Sarge: sure, people played their Walkmans too loud at one time, too. That was the iPod of its time, although I'm thinking the mighty iPod broke a few records the Walkman originally set - and that means bajillions of teens and twenty somethings are listening to their devices at crazy volume levels.
Hearing loss among U.S. adolescents has surged, probably because of the use of devices such as earbuds for listening to music, doctors say.
Researchers surveyed a sample of children ages 12 to 19 in 2005 and 2006 and found that 19.5 percent had some hearing loss, compared with 14.9 percent in a study covering the years 1988 to 1994, according to a report published today in the Journal of the American Medical Association.

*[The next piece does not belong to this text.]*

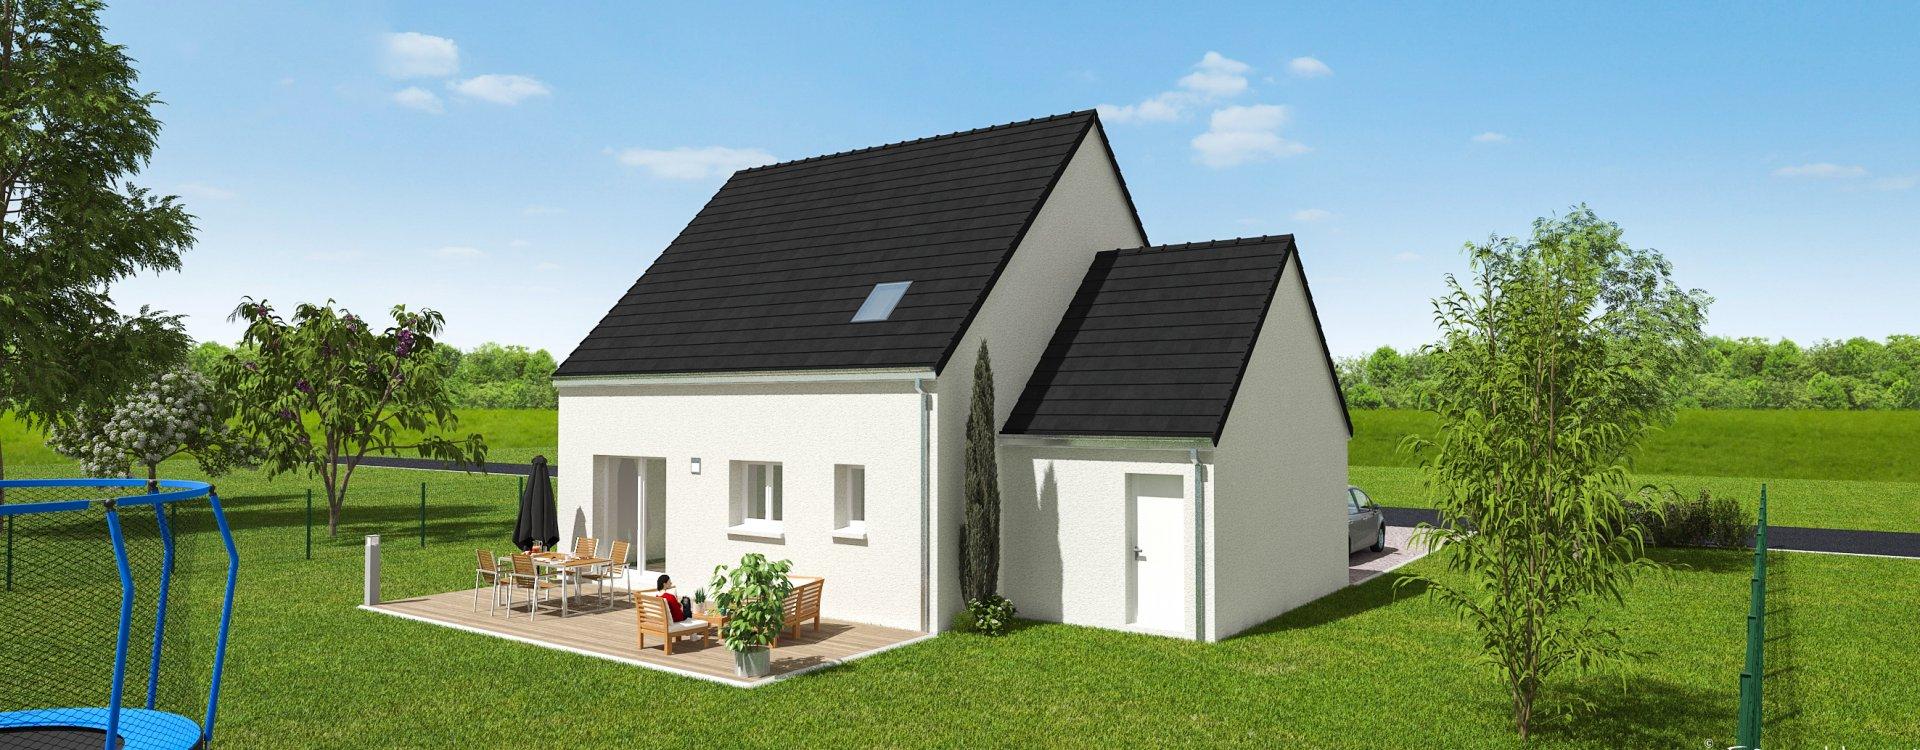 Maisons + Terrains du constructeur EASY HOUSE • 110 m² • SAINT BENOIT SUR LOIRE

Hearing loss of 25 decibels or more -- enough that the children were often aware of the deficit -- increased to 5.3 percent of the sample, from 3.5 percent in the earlier group.
Listening to loud sounds through earbuds -- the tiny electronic speakers that fit into ears, for use with personal music players -- is probably the main reason that more adolescents are losing some of their hearing, said William Slattery, director of clinical studies at the House Ear Institute, a Los Angeles medical practice, who wasn’t involved in today’s study.

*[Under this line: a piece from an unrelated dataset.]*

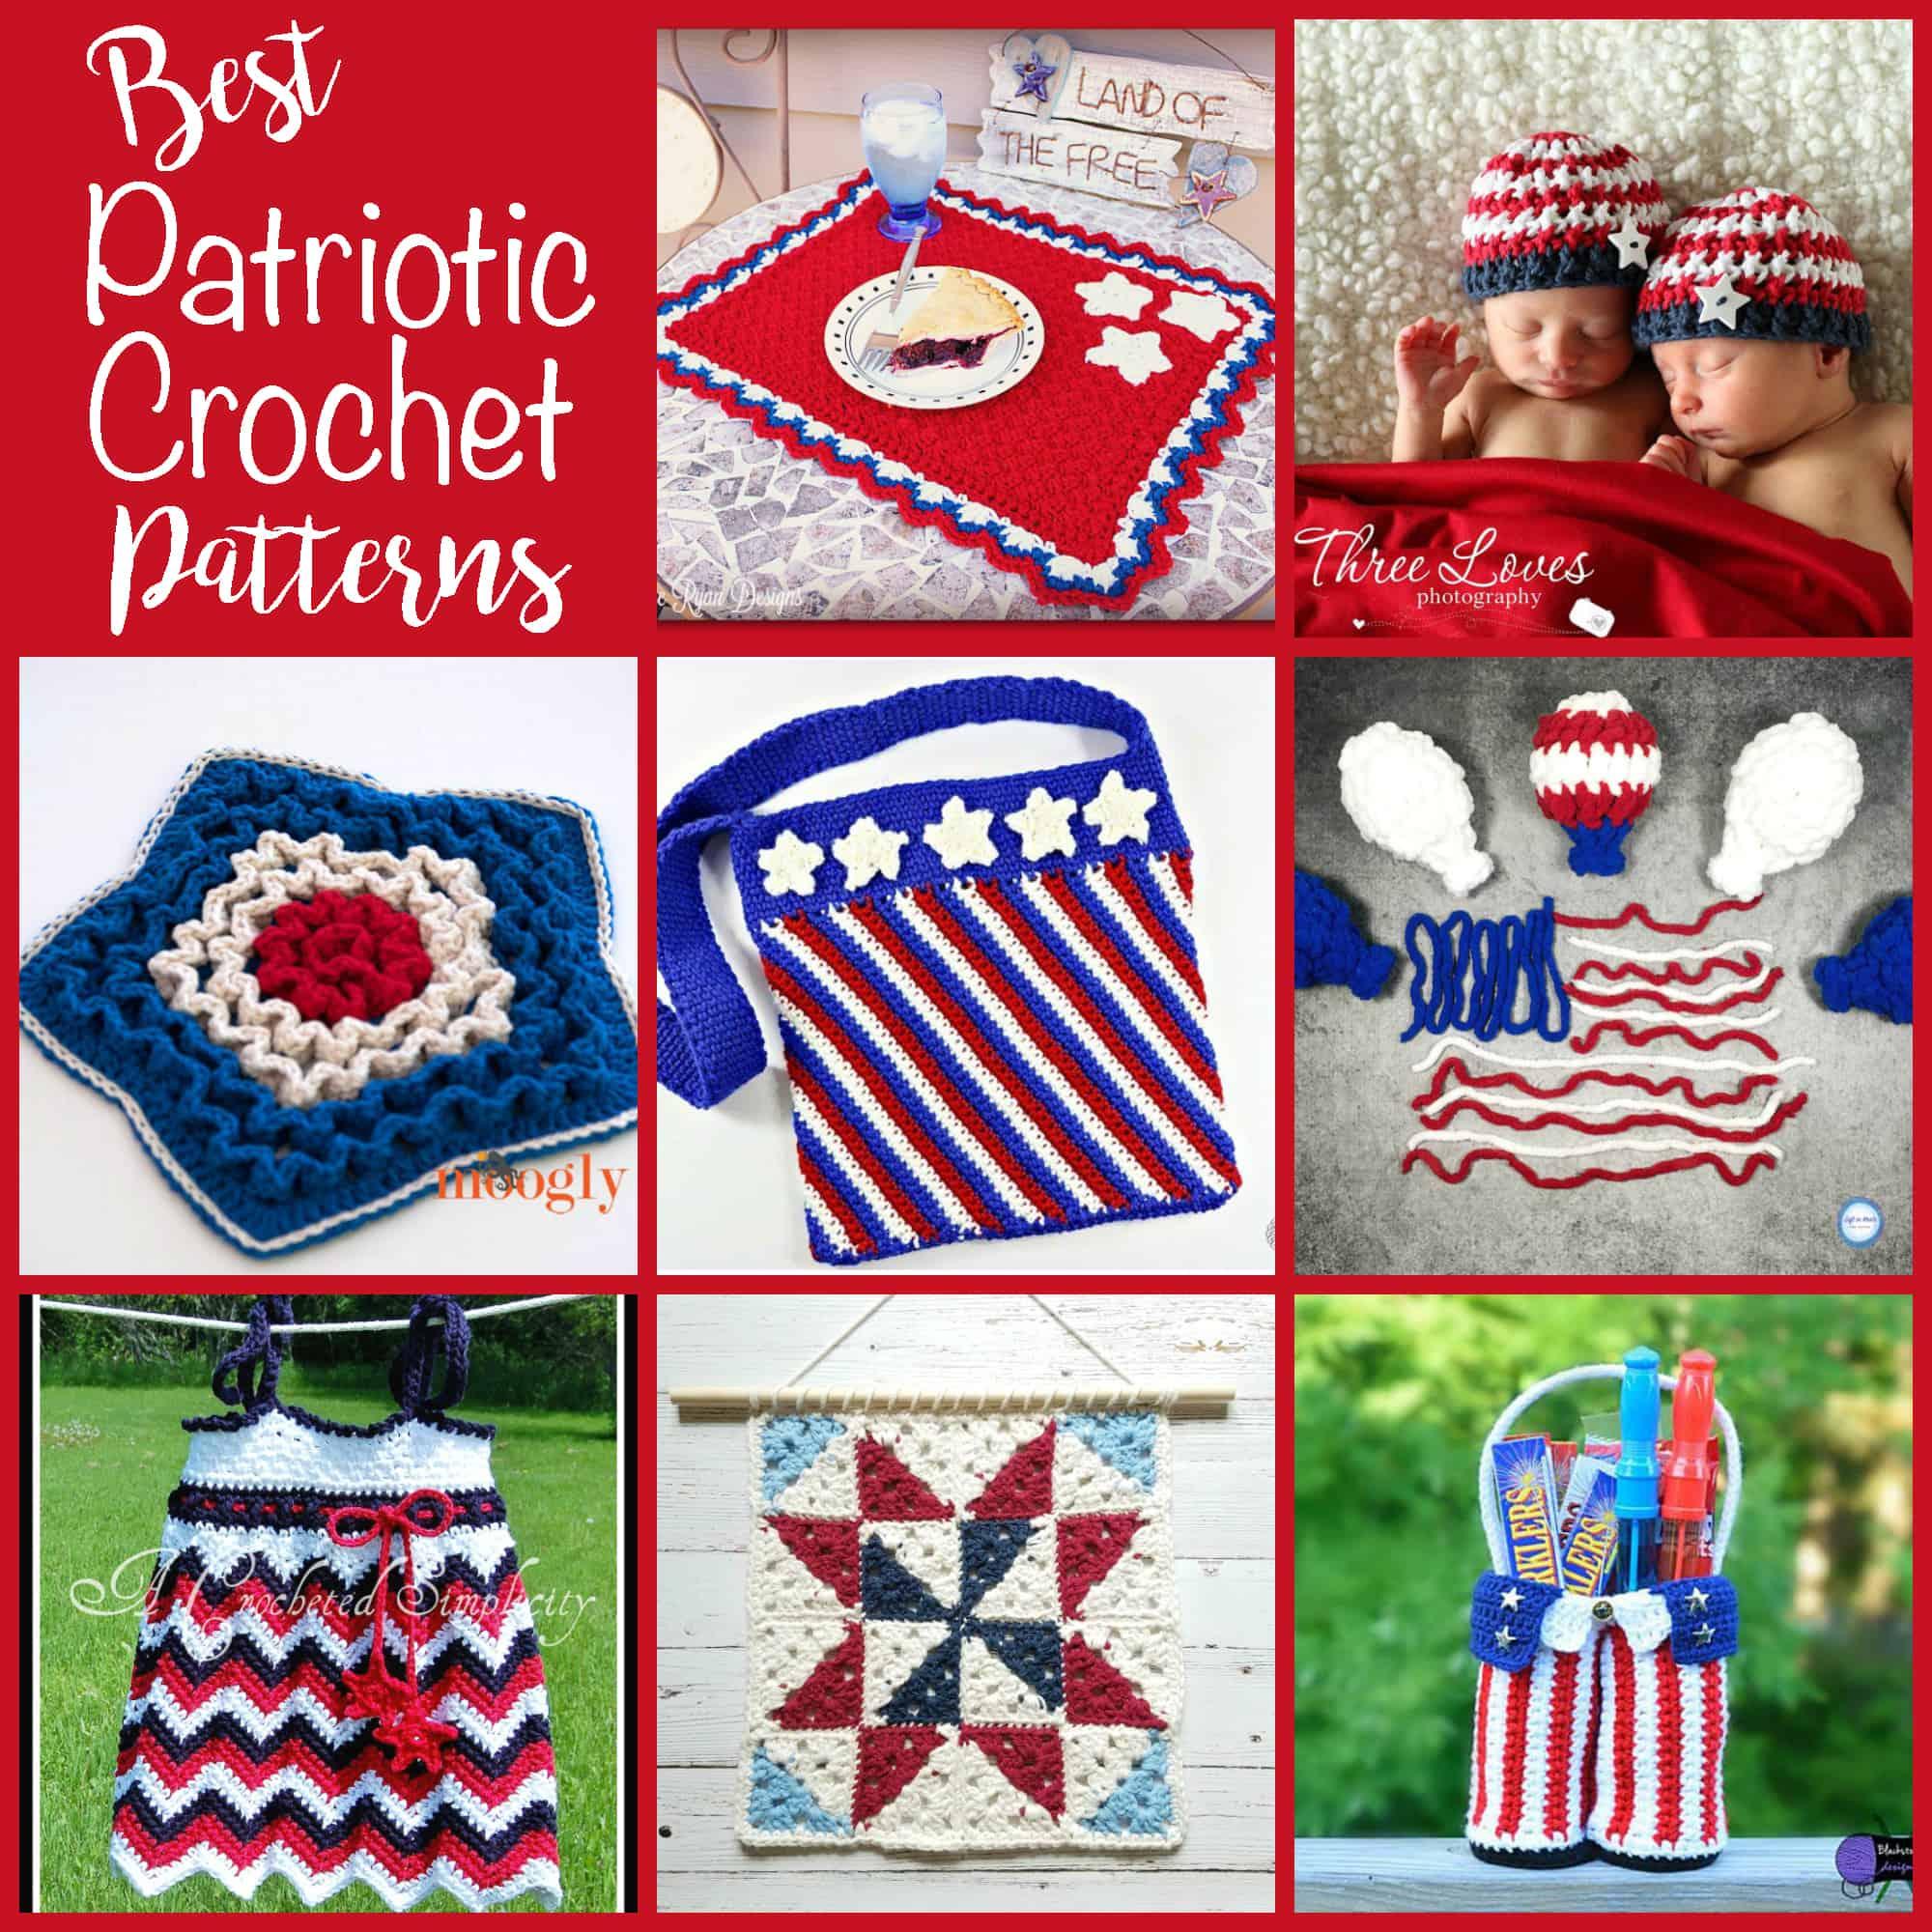 Best Patriotic Crochet Patterns - Crochet 365 Knit Too

“Once you have hearing loss, there’s a greater risk of that hearing loss progressing as you get older,” Slattery, a clinical professor in the Department of Otolaryngology at the University of Southern California in Los Angeles, said today in a telephone interview. “Here is a major study that demonstrates that teenagers are having hearing loss in a significant percent of children. It can happen and it does happen.”
Teens and parents need to be told that hearing loss from noise that occurs early in life isn’t reversible, he said.
Anyway, Matt, you are correct in this. I find myself listening to my iPhone too loud sometimes.
When I was young, we spent most of our time outside, never bothering to listen to headphones that much. Now, that's all you see: kids listening to their iPods. Try to tell them to turn it down only gets you stares from them.